*DATA*

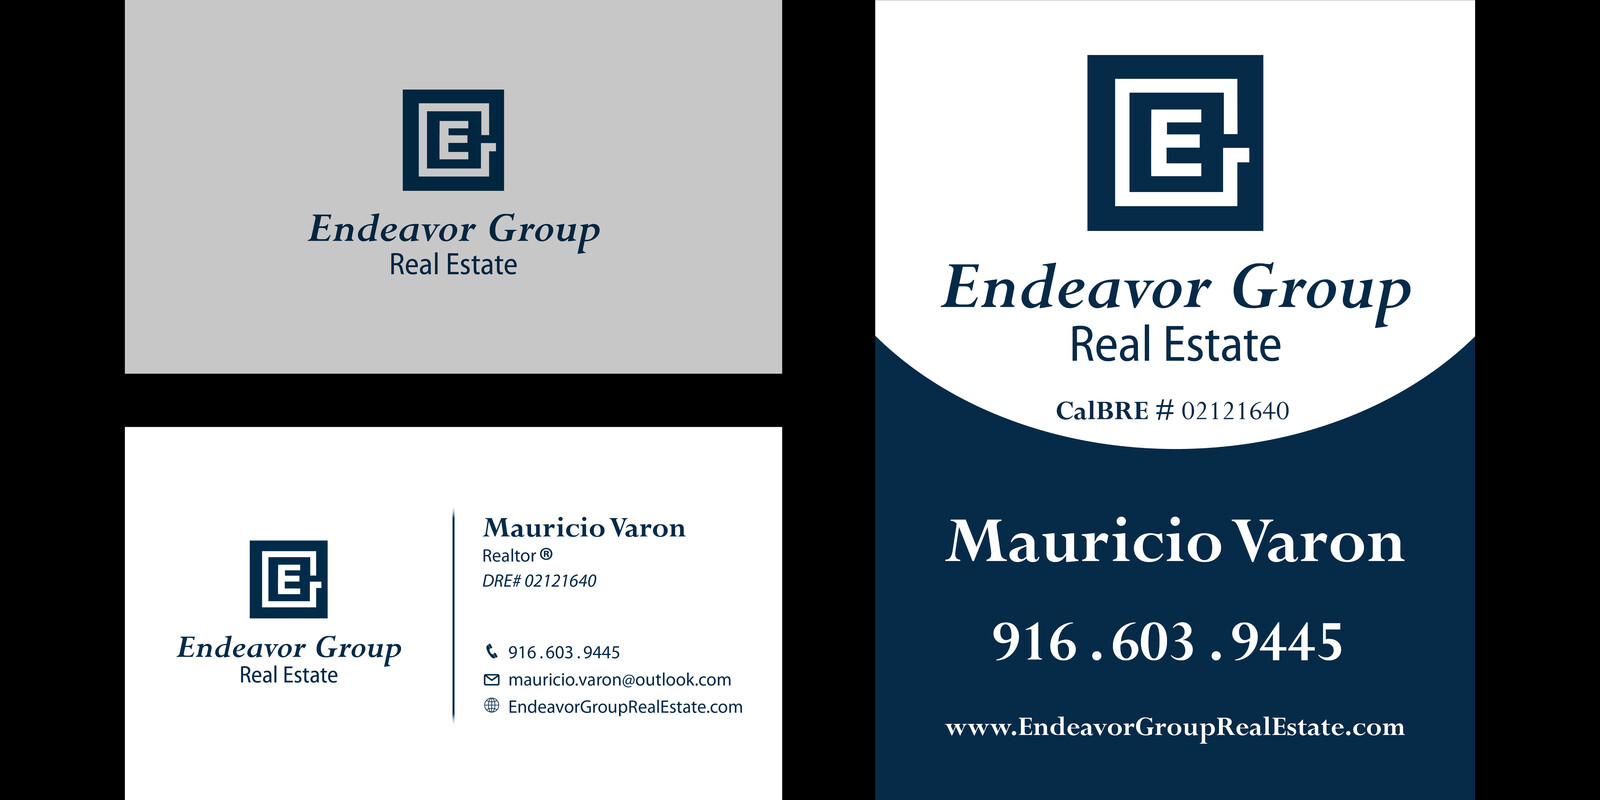 Logo and banner design for real estate agent
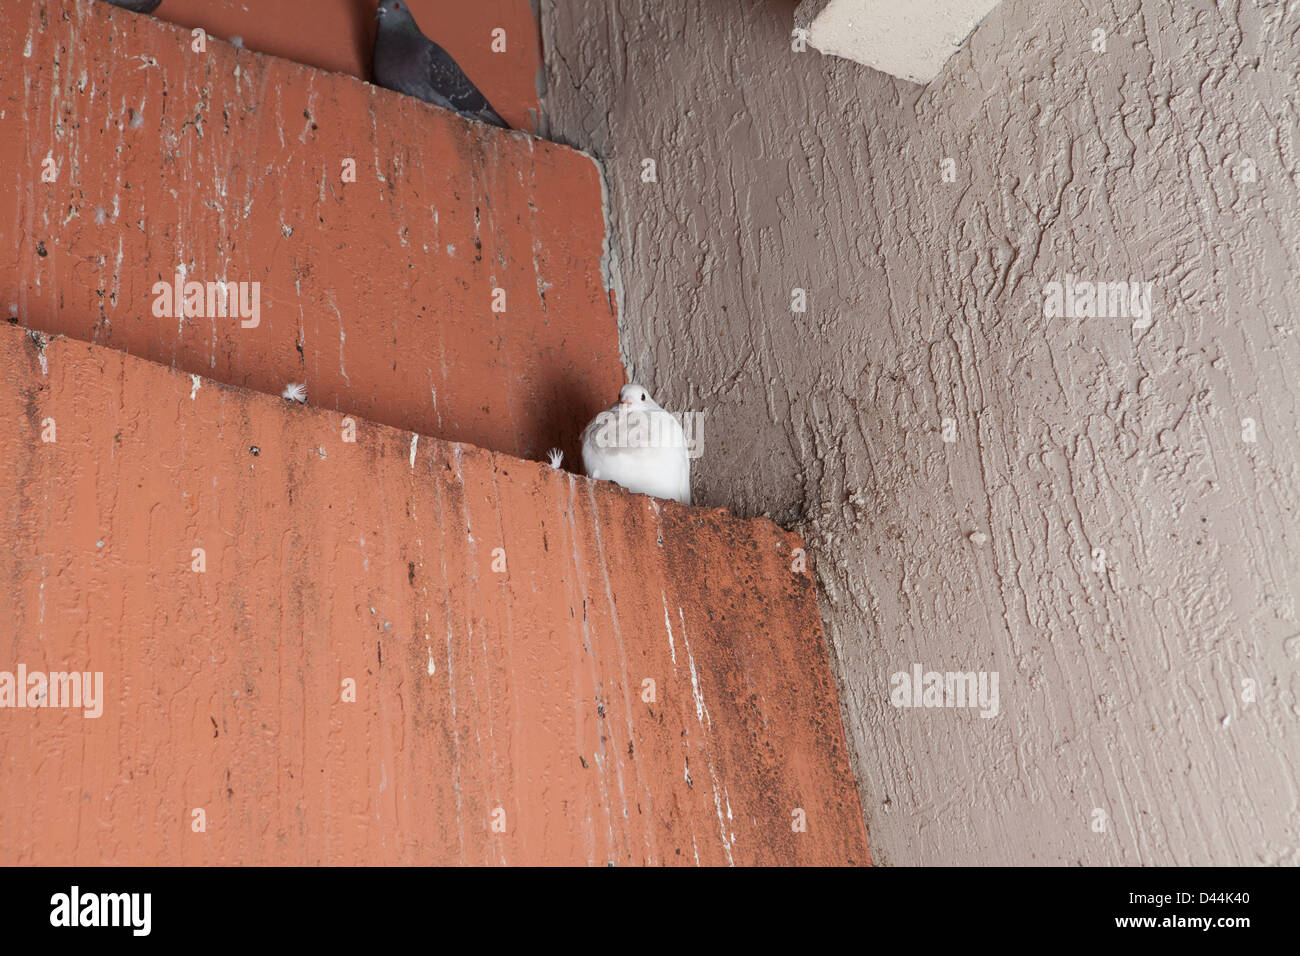 pigeon nest - Stock Image
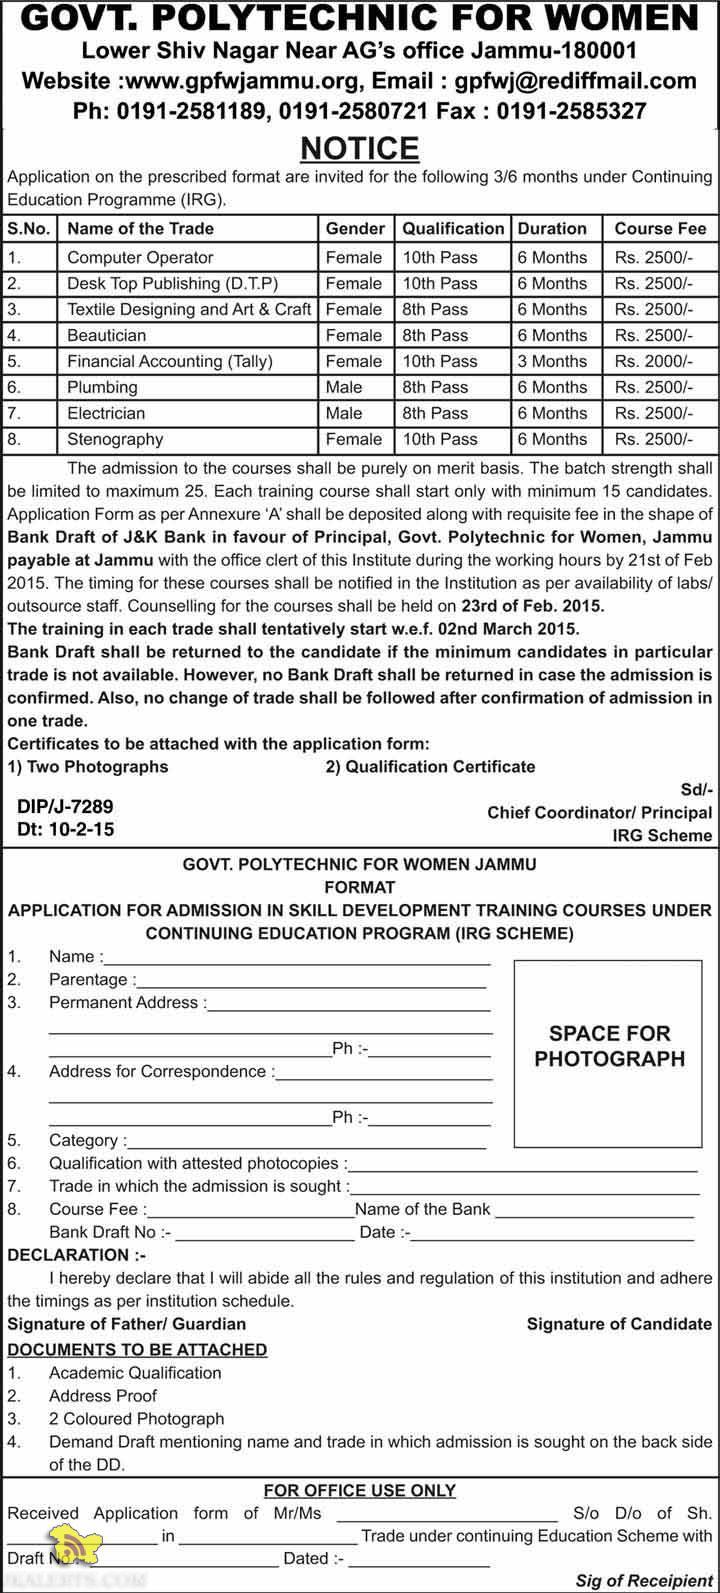 Admission in GOVT. POLYTECHNIC FOR WOMEN

*TASK INSTRUCTIONS*
Transcribe the whole listing exactly. Pictures stay out of your copy.

*YOUR RESPONSE*
 Logo and banner design for real estate agent
 pigeon nest - Stock Image
 Admission in GOVT. POLYTECHNIC FOR WOMEN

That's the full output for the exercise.